#include <stdio.h>
int main(){
float a;
scanf("%f",&a);
a=(int)(a*1000+0.5);
printf("%.5f\n",a);
a=a/1000;
printf("%.5f\n",a);
return 0;
}
This program is written to round off a floating point number up to 3 decimal points in a specific way; e.g. 65.43296 should print as 65.43200, not 65.432.
According to logic it should work but I am getting an unexpected answer like following:
1234.56789
1234568.00000
1234.567993
Explain this behaviour.
Although input was "1234.56789", that is only near the value saved in float a.
float as 32-bit object, can only store exactly about 232 different values. Due to the typical binary encoding of a float, 1234.56789 is not one of those 232. Instead the nearest float is used.
1234.56787109375 // nearest float's exact value
1234.56789
1234.5679931640625 // next nearest float's exact value
a*1000+0.5 can be expected to result in 1234568.375 and (int)(a*1000+0.5) to 1234568.0. So far no great surprise.

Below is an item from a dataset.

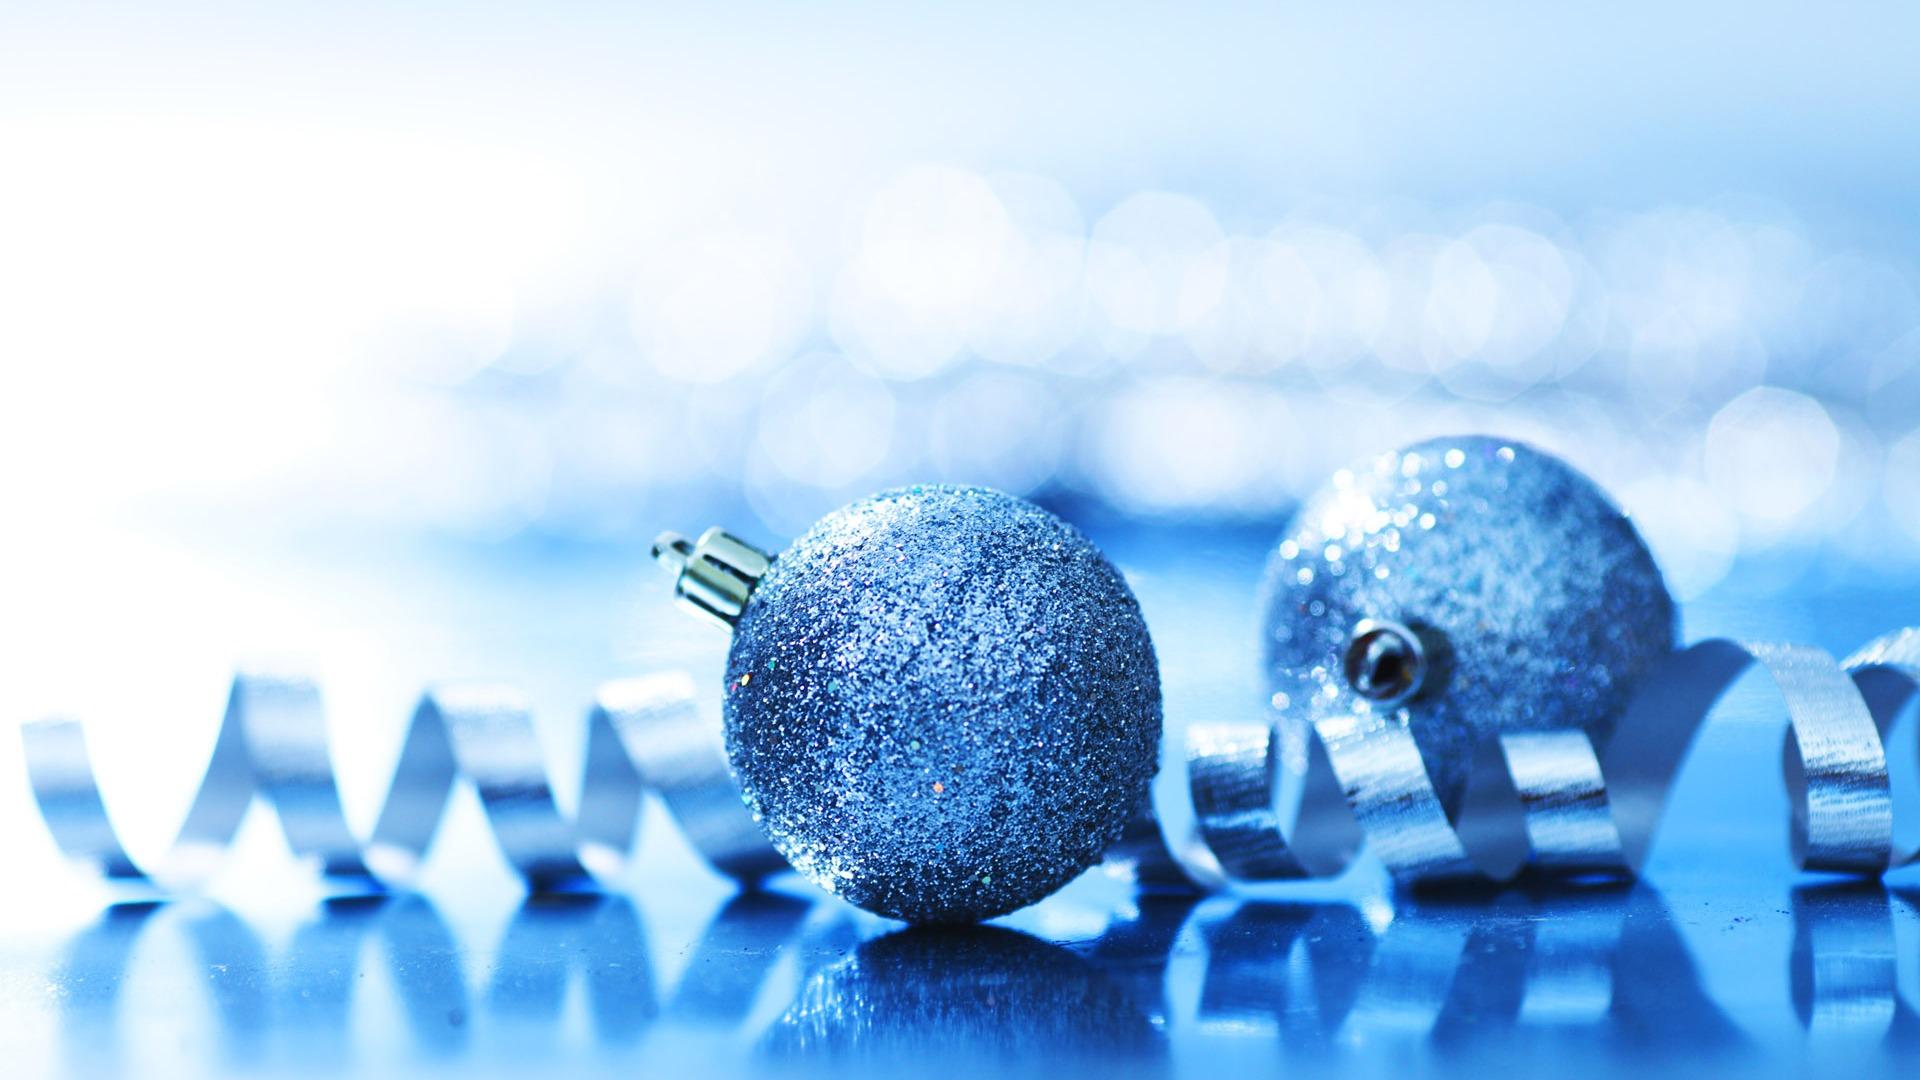 Weihnachtskugeln tapete 2 11 1920x1080 wallpaper herunterladen weihnachtskugeln tapete 2 - Blaue christbaumkugeln ...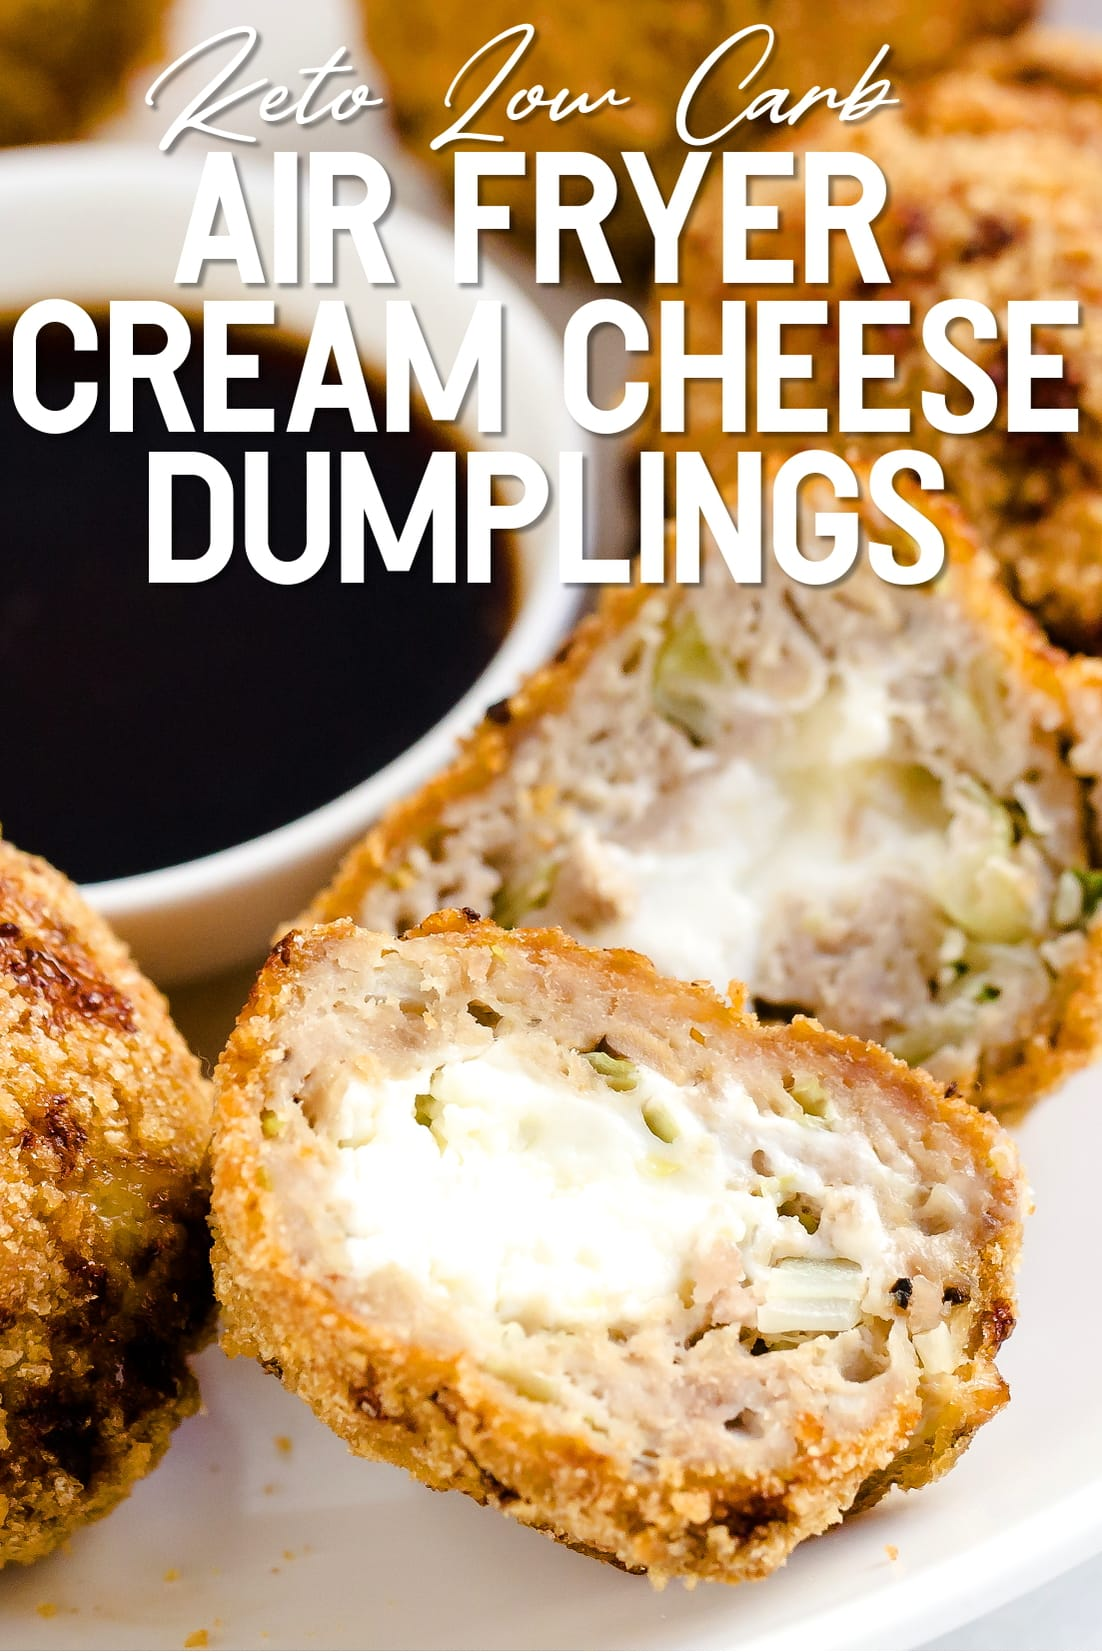 Air Fryer Cream Cheese Dumplings cut in half on a plate

The quotient a/1000; is also a float and since it too is not one of those 232, the result is the nearest float
1234.5679931640625 // nearest float.
1234.568 // math result of 1234568.0/1000
1234.568115234375 // next nearest float
printf("%.5f\n", 1234.5679931640625) is then as seen by OP.
1234.56799
In general, float will provide expected answers when the number of leading significant digits if 6 or less. OP's expectation of "1234.56800" is 9 digits.
Had code used double, similar unexpected answers can occur when the number of leading significant digits exceeds 15.